Погорбился старый Анисим за эту неделю, щеки ввалились, а подбородок качался, будто шептал.

Простился с Епишкой и дочерью его и пошел опять с костылем, сгорбившись еще ниже.

— Ты как-нибудь, папаша, лошадь купи, — говорила Марфа отцу, — пахать станем.

— Теперь мы с тобой заживем, Марфунька, — говорил Епишка. — Земли у нас много, хлеба много, скота семь голов рогатого, лошадей только, жаль, увели. Недоглядки.

Плетется Анисим, на солнце поглядывает, до захода в монастырь надо попасть.

По дорожке воронье каркает, гуси в межах на отлет собираются.

Пришел в келью, к игумену, пыльный с дороги, постучался.

— Благослови, отче… Вернулся. Теперь не пойду.

— Ну что, не обмануло тебя сердце твое?

— Нет, отче, сноха утонула. Господь меня надоумил сходить… Господь.

— Ты отдохни поди, вишь, как выглядишь плохо. А что ж старуха твоя не вернулась?

— Нима, отче; видно к угодникам в подножие улеглась. Сильная духом была, знал я, что ей не вернуться.

В келью пришел свою, на столе просфора зачерствевшая, невынутая.

Кусает зубами качающимися, молитву хлебу насущному читает.

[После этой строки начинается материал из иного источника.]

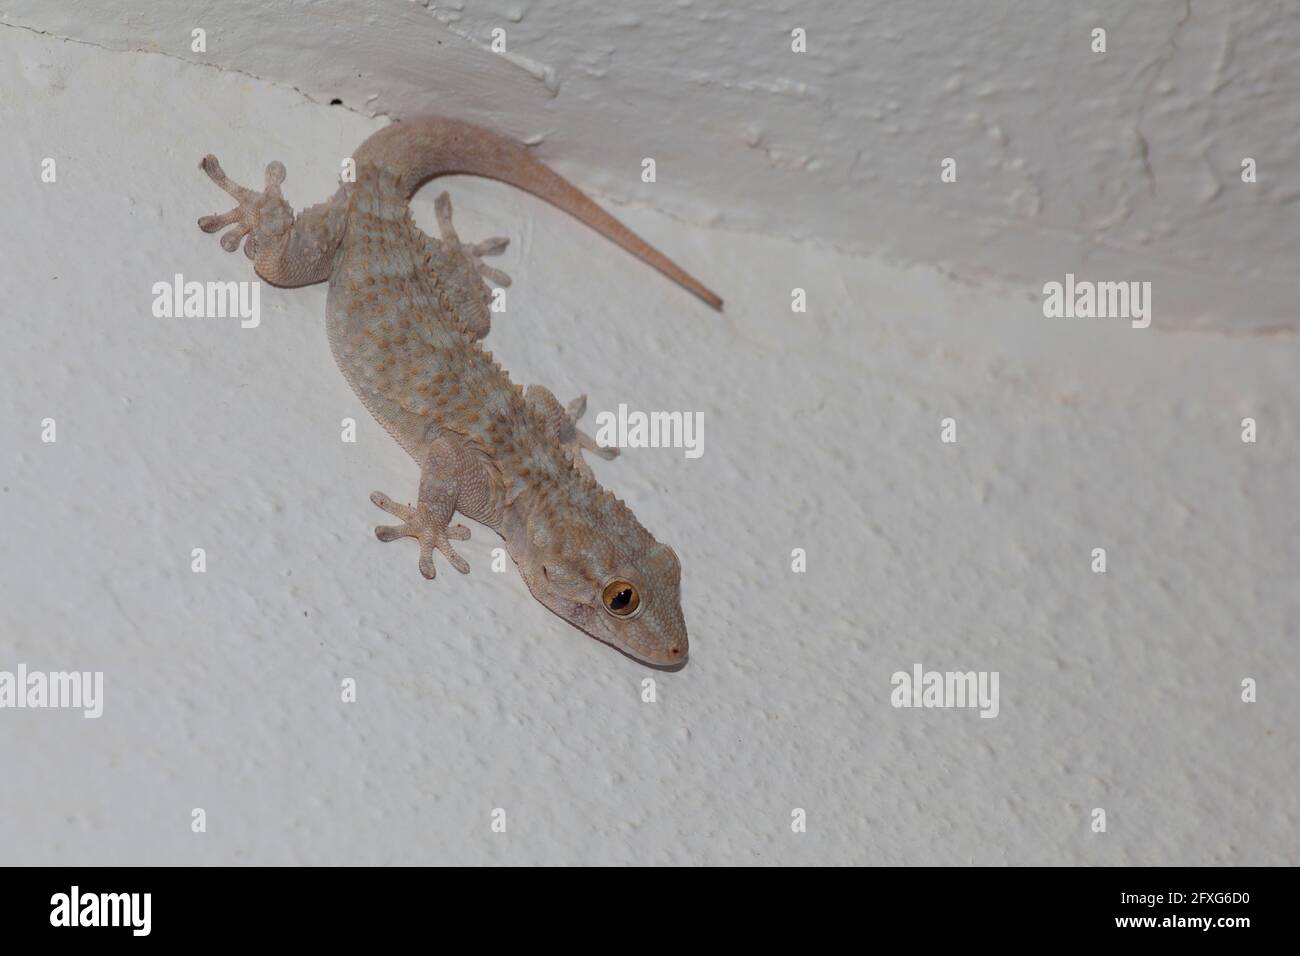 Salamandra aferrada a una pared blanca esperando a cazar a algunos presa Foto de stock
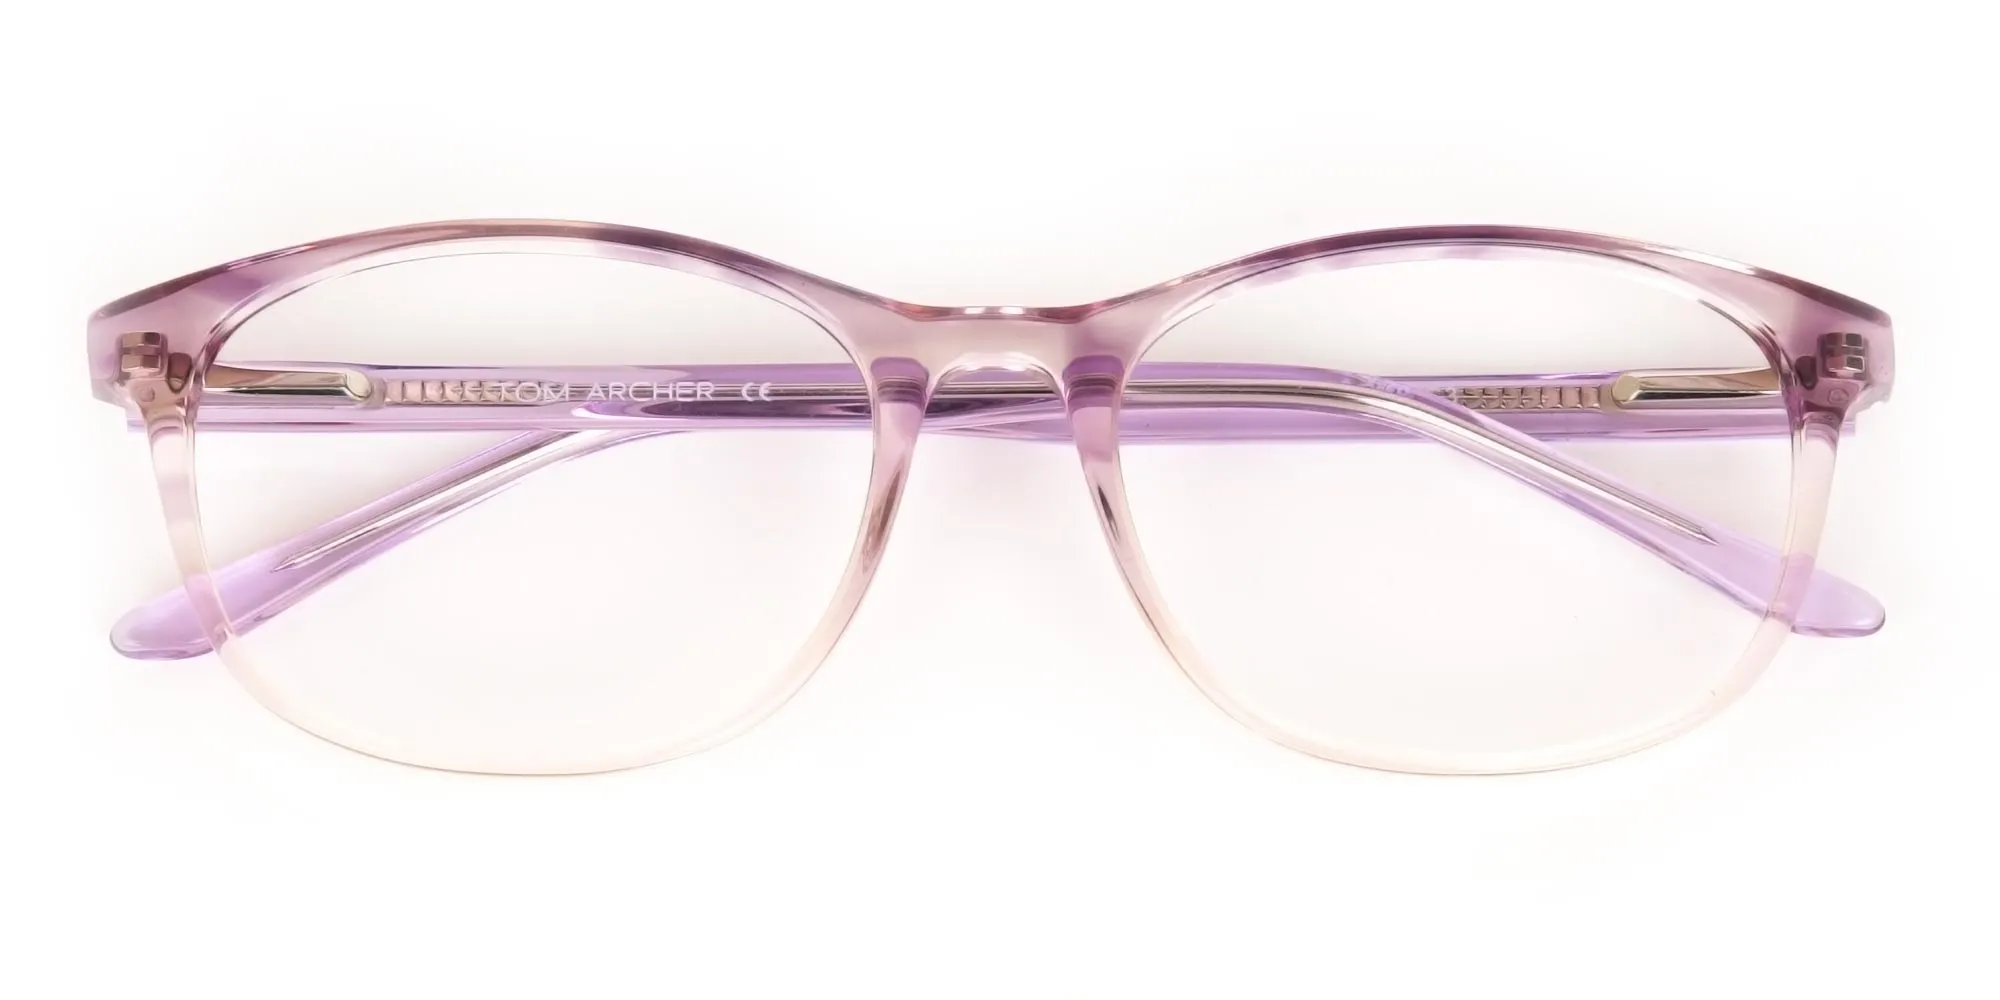  Crystal Purple & Apricot Rectangular Glasses-2

И опять все как было: на стене скуфья на гвоздике, у окошка на подставочке цветы доморощенные не поливаны.

На мешочном тюфяке в дырки солома выбилась, в коричневых выструганных сучьях клопы гнездятся.

— Слава тебе, Христе боже наш, слава тебе.

Около рукомойника рушничок висит, покойная сноха вышивала.

— Всех похоронил, теперь самому на покой пора. Ой, как тяжело хоронить!

Захолодало. По селу потянулись с капустой обозы.

Хорошо молиться в осень темной ночи за чью-нибудь непутевую душу.

Обронили вербы четки зеленые, краснотой подернулись листья — удили шелковые.

Вечер. Голоса на дороге про темную ноченьку поют.

Прощай ты, пора нудная, томящая. Вылила ты из пота нашего колосья зернистые, кровью нашей напоила ягоды свои.

Марфа принялась за хозяйство. Сперва ей казалось все как-то по-чудному. Ночью она не могла дверь найти спросонья, вместо порога к загнетке печной забиралась.

Стало подсасывать что-то опять Епишку, не сиделось ему дома, горько было на чужое добро смотреть. Чужое несчастье на счастье не пошло.